Da mesma forma, a inovação está principalmente ligada à evolução tecnológica. E isso é verdade. Parcialmente. O progresso tecnológico de hoje e as ferramentas e serviços digitais disponíveis são agora indispensáveis nos setores de serviços públicos. No entanto, a inovação não deve ser percebida apenas no nível tecnológico, uma vez que inovamos continuamente a forma como fazemos negócios, a forma como os regulamos, a forma como consumimos diferentes produtos e serviços e assim por diante. Temos feito isso desde o início dos tempos.

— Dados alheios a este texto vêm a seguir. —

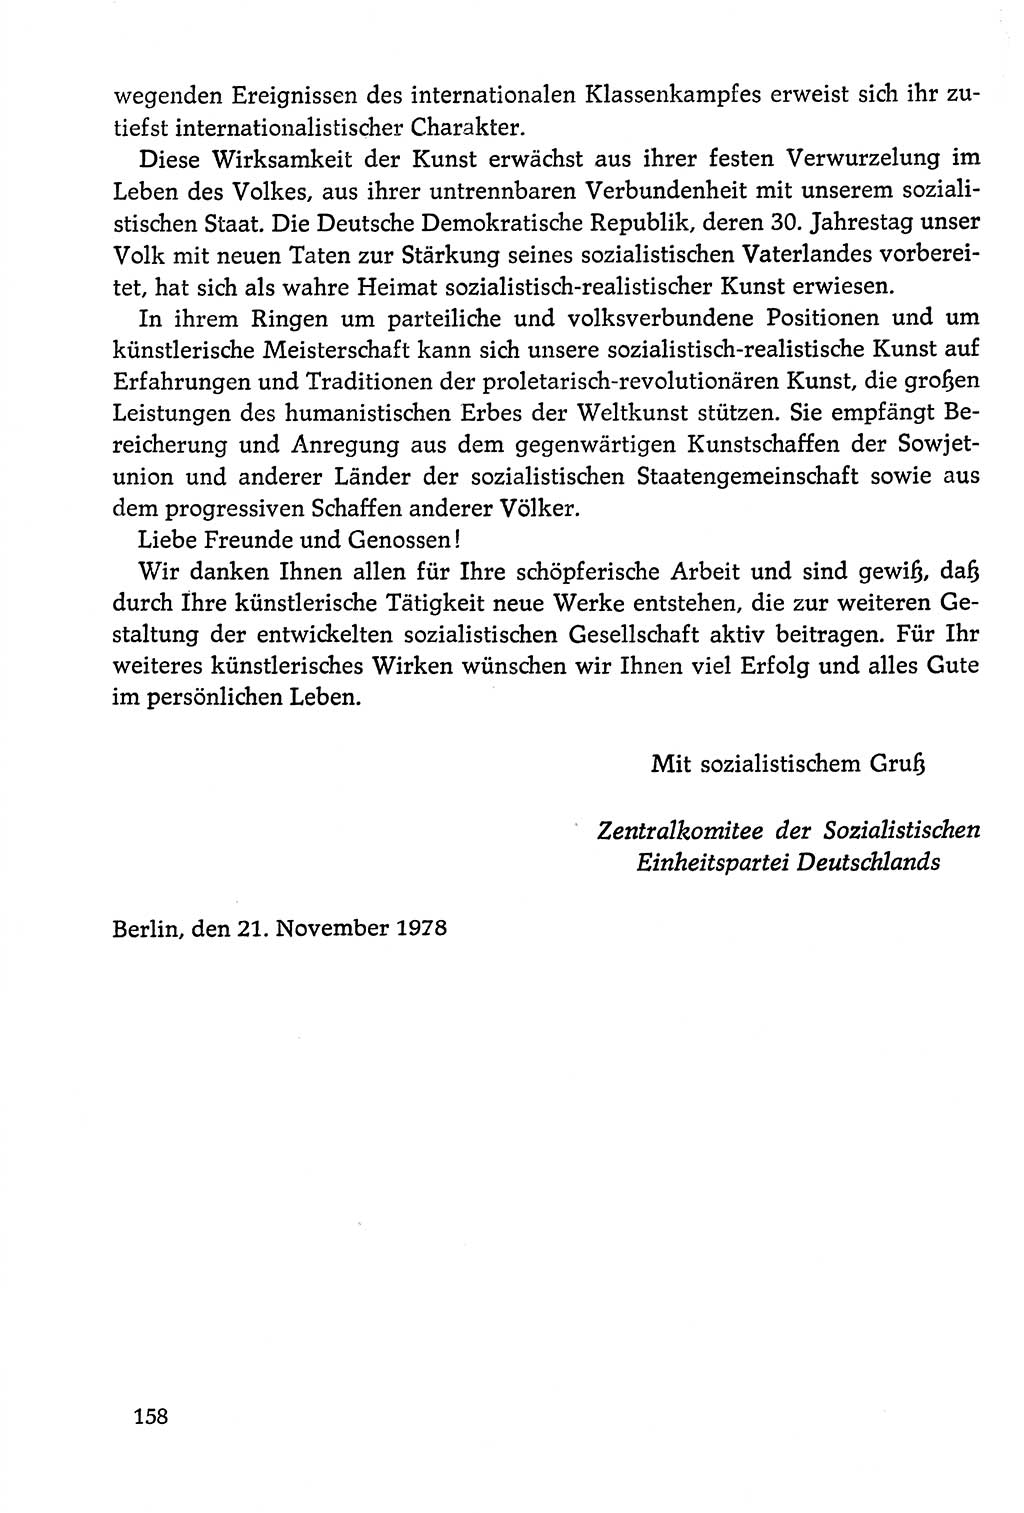 Dokumente der Sozialistischen Einheitspartei Deutschlands (SED) [Deutsche Demokratische Republik (DDR)] 1978-1979, Seite 158 (Dok. SED DDR 1978-1979, S. 158)

No setor de água, temos inovado …
…nas cidades
Embora as cidades, como forma de organização comunitária, ofereçam um imenso crescimento econômico e social, elas apresentam enormes desafios. Áreas urbanas densas enfrentam grandes problemas para fornecer acesso universal a serviços de utilidade pública, de maneira eficiente e econômica. Além disso, embora as cidades costeiras ofereçam inúmeras oportunidades econômicas (comércio, pesca, turismo), elas correm ainda mais riscos, pois as mudanças climáticas estão causando um aumento constante do nível do mar. Os problemas de Miami ou as lutas de Veneza, por exemplo, têm soluções, conforme as medidas de adaptação foram identificadas – comportas subaquáticas, adição de degraus e camadas às regiões mais ameaçadas das cidades, paredões ainda mais eficazes, bombas (embora esta seja uma medida de eficiência energética muito pobre).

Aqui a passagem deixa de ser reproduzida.